Please keep the pictures out and write out exactly the lines from the first in the data below through the one containing "for the firm.", both included.

* Collected data:
════

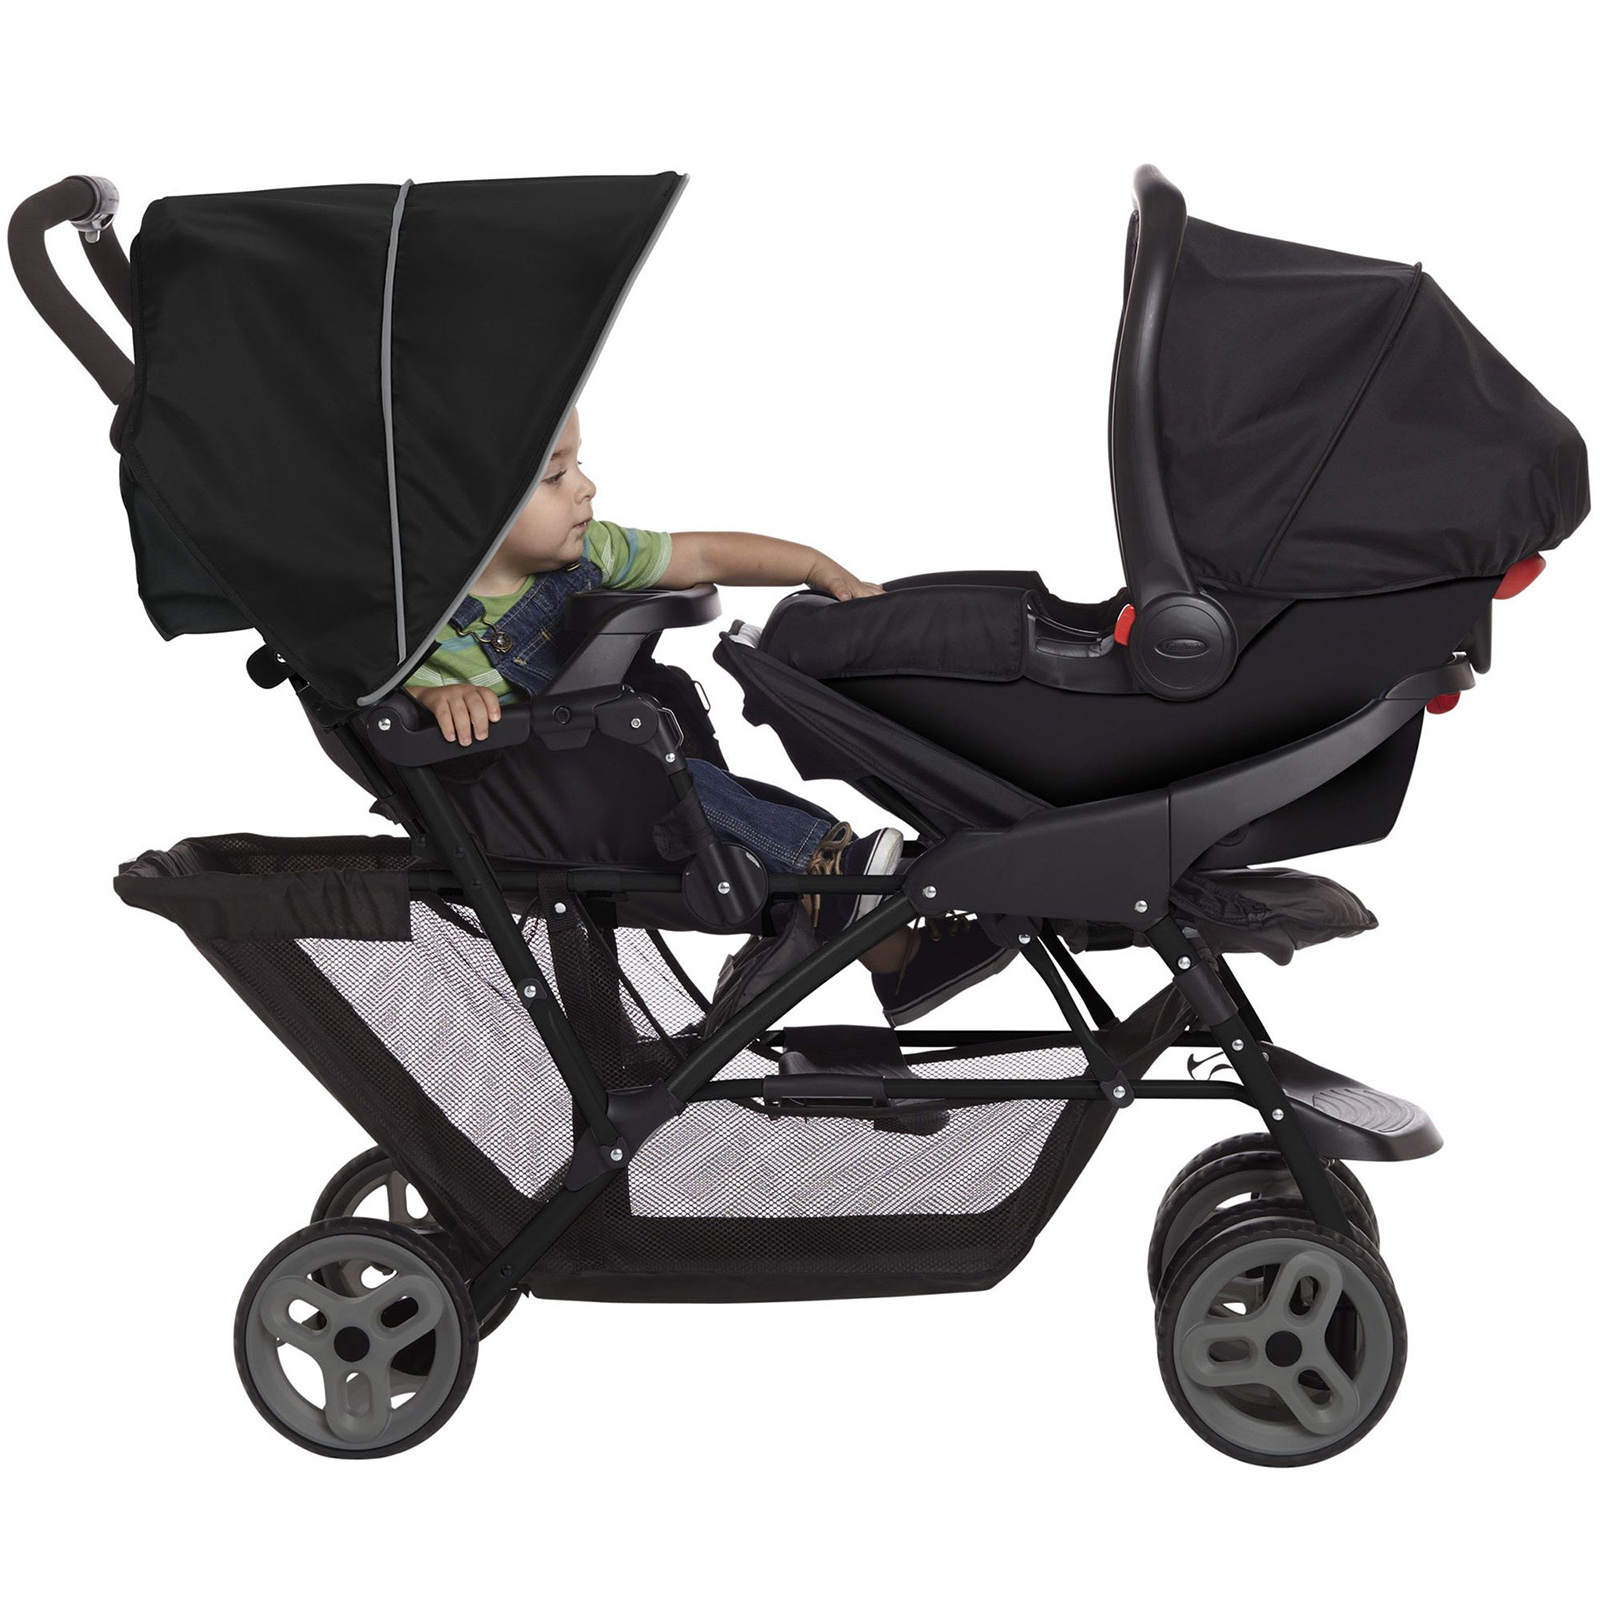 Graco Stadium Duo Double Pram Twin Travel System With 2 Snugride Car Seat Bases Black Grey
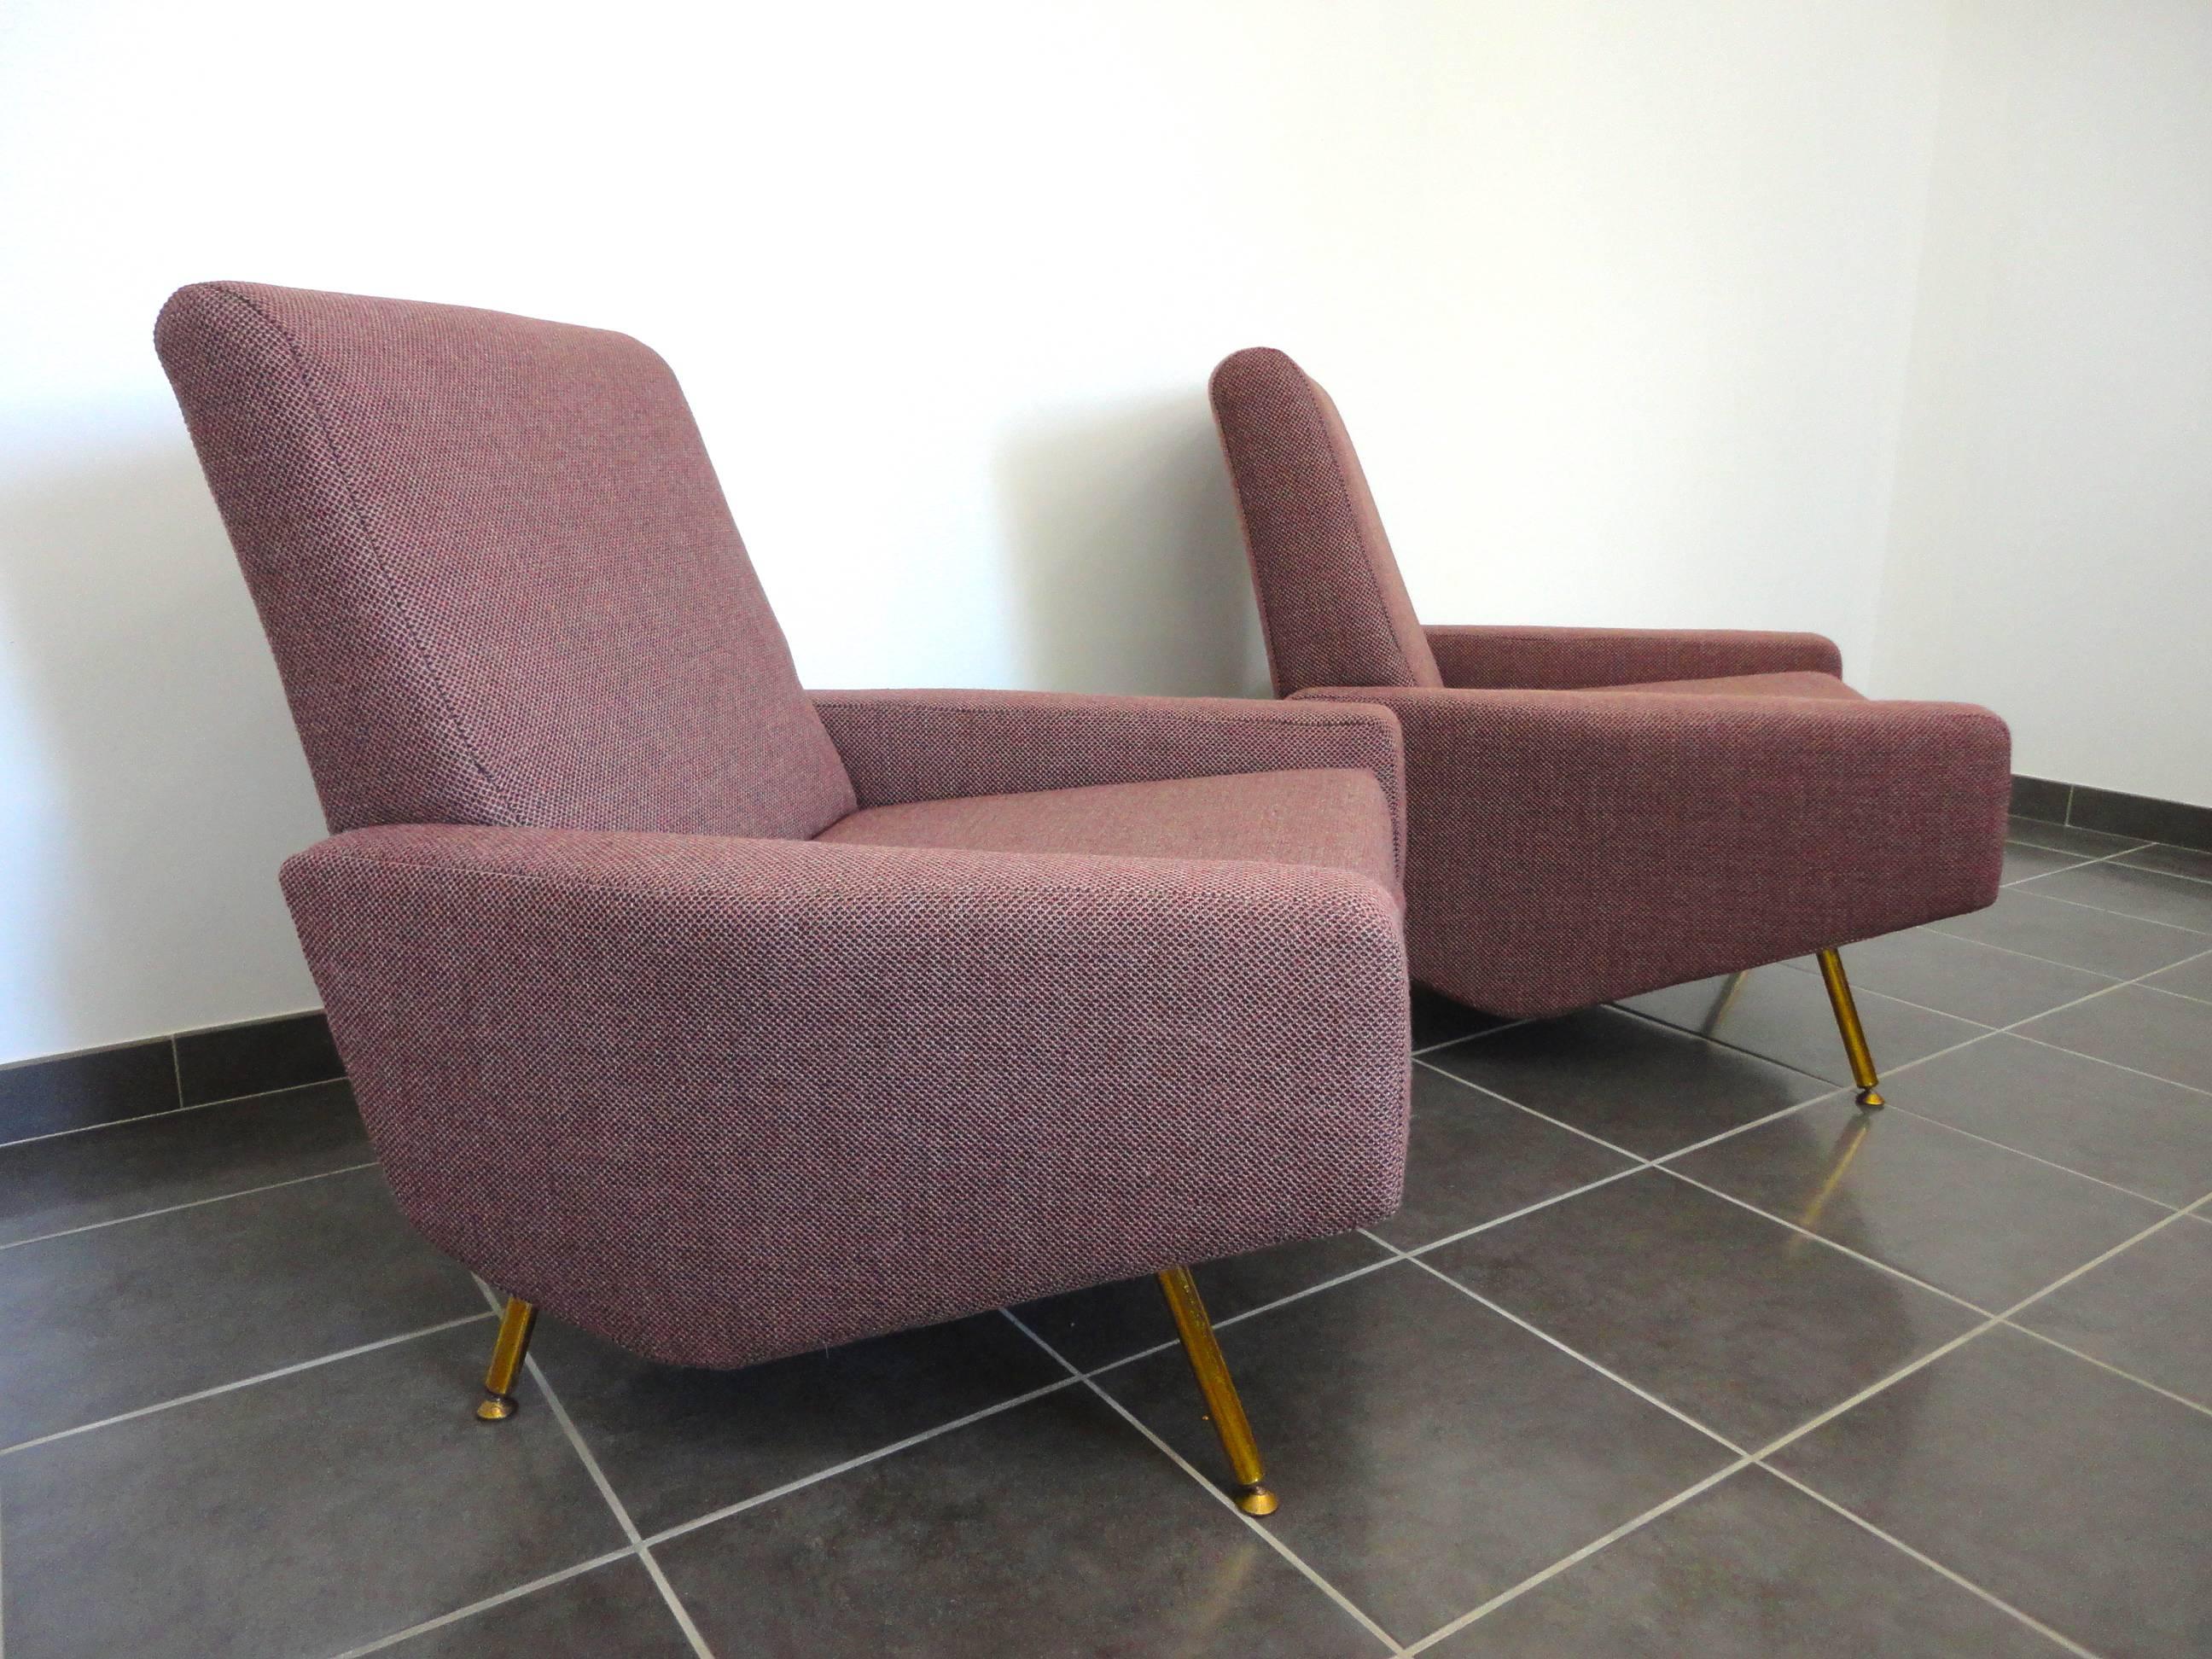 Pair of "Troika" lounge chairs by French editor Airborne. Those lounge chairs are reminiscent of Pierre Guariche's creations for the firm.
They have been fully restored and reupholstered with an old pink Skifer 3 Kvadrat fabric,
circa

════

* Task output:
 Graco Stadium Duo Double Pram Twin Travel System With 2 Snugride Car Seat Bases Black Grey
 Pair of "Troika" lounge chairs by French editor Airborne. Those lounge chairs are reminiscent of Pierre Guariche's creations for the firm.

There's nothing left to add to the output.